FIG. 2 shows a block diagram of the inverter device. The inverter device 210 comprises a first substrate (metallic substrate) 220 and a second substrate (control substrate) 230. On the first substrate 220, a converter 222 a including rectifying devices 222 and serving to convert an A.C. voltage from an A.C. power supply 250 into a D.C. current, an inverter 221 a including switching elements 221 and comprising a D.C./A.C converter to constitute an inverter power semiconductor, and a shunt resistance 225 to detect a D.C. current flowing through the switching elements 221 are mounted. Further, radiating fins made of copper or aluminum are attached closely to an opposite surface to the mount surface. On the second substrate 230, mounted are the microcomputer 231, a current detection circuit 234 that processes a detection value detected by the shunt resistance 225, a driver circuit 232 that causes the inverter power semiconductor to perform a switching operation, a communication circuit 241 that communicates with the cycle control substrate 254, and a power circuit 233 that supplies control power to the microcomputer 231, the current detection circuit 234, the driver circuit 232, and the communication circuit 241.
An A.C. voltage from the A.C. power supply 250 is converted by the converter 222 a (in which a plurality of rectifying devices 222 are bridge-connected) into D.C. current, and the inverter 221 a (power conversion means, in which the switching elements 221 are three-phase bridge-connected) being a D.C./A.C converter is subjected to A.C. frequency control by the microcomputer 231 to drive the electric motor 111.
The A.C. voltage is rectified by the plurality of rectifying devices 222 in the converter 222 a to be conducted to a smoothing capacitor 251 via a magnet switch 253 that operates or stops the compressor 101, and a power factor improvement reactor 252.
Also, a rush inhibition resistance 244 is provided in parallel to the magnet switch 253 so as to prevent the magnet switch 253, which closes at the time of power-on, from being fused by an excessive rush current that flows through the capacitor 251.
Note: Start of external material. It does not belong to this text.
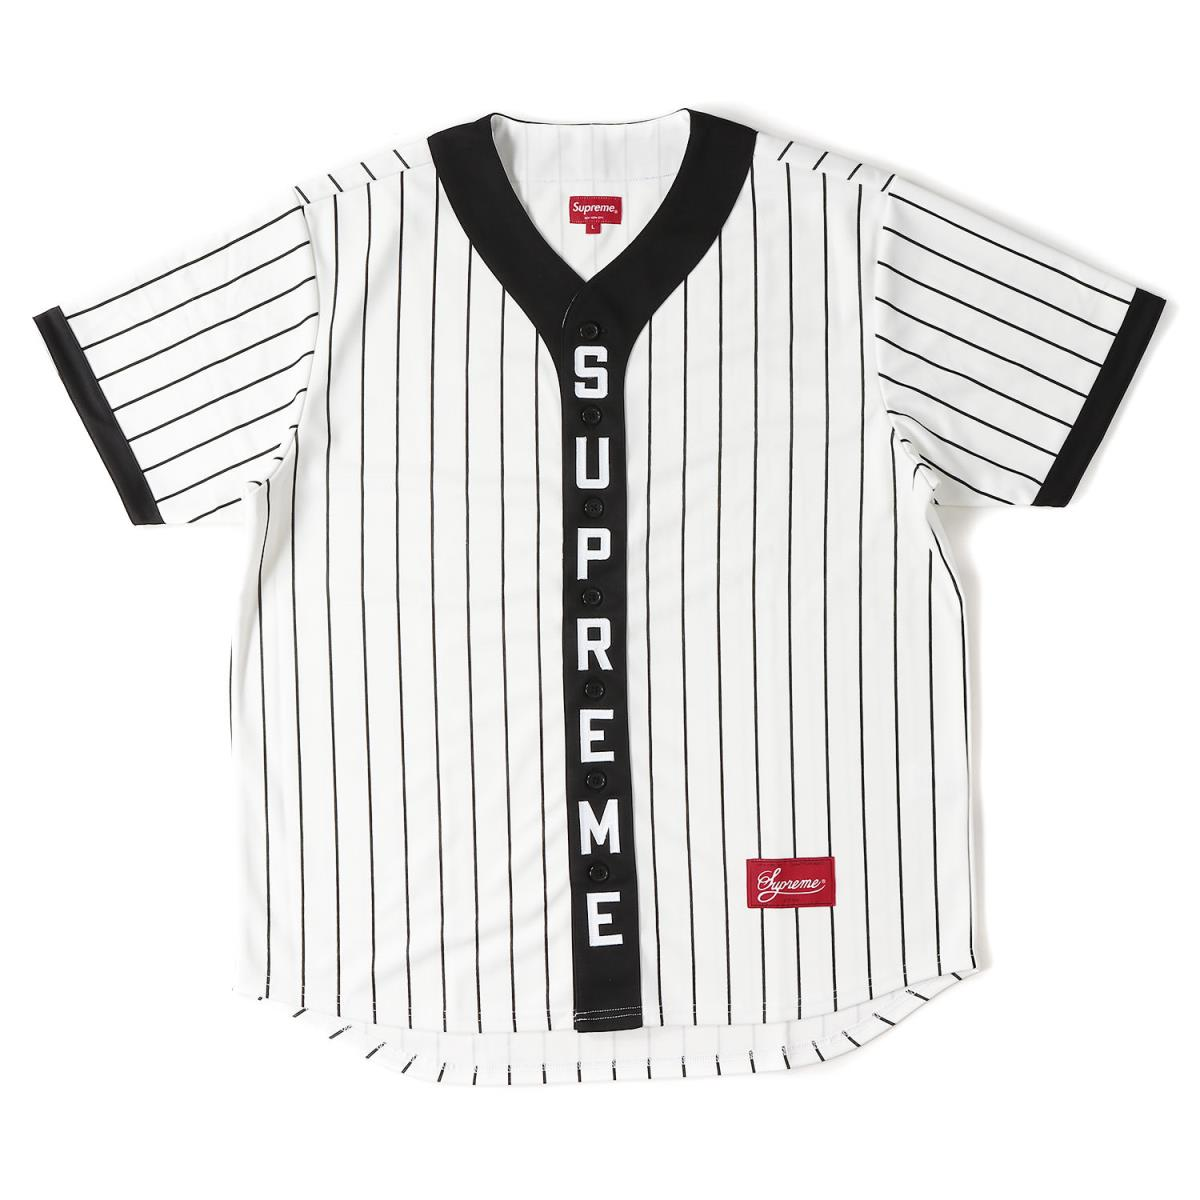 Supreme (シュプリーム) 18A/W バーチカルロゴベースボールシャツ(Vertical Logo Baseball Jersey) ホワイト L 【メンズ】【K2079】【あす楽☆対応可】

In the inverter 221 a, flywheel elements 223 are provided in parallel to the switching elements 221 and mounted together to the first substrate 220 in order to regenerate that counter-electromotive force from the electric motor 111, which is generated when the switching elements 221 are switched.
An electric current supplied to the electric motor 111 is detected as D.C. current, which is to flow to the inverter power semiconductor, by the shunt resistance 225, amplified by the current detection circuit 234 to be taken into the microcomputer 231, and calculated and reproduced as sine wave A.C. current, which is being output to the electric motor, by the microcomputer 231 to be monitored or controlled.
The driver circuit 232 is provided between the microcomputer 231 and the switching elements 221 to amplify a weak signal from the microcomputer 231, to a level, in which the switching elements 221 can be driven.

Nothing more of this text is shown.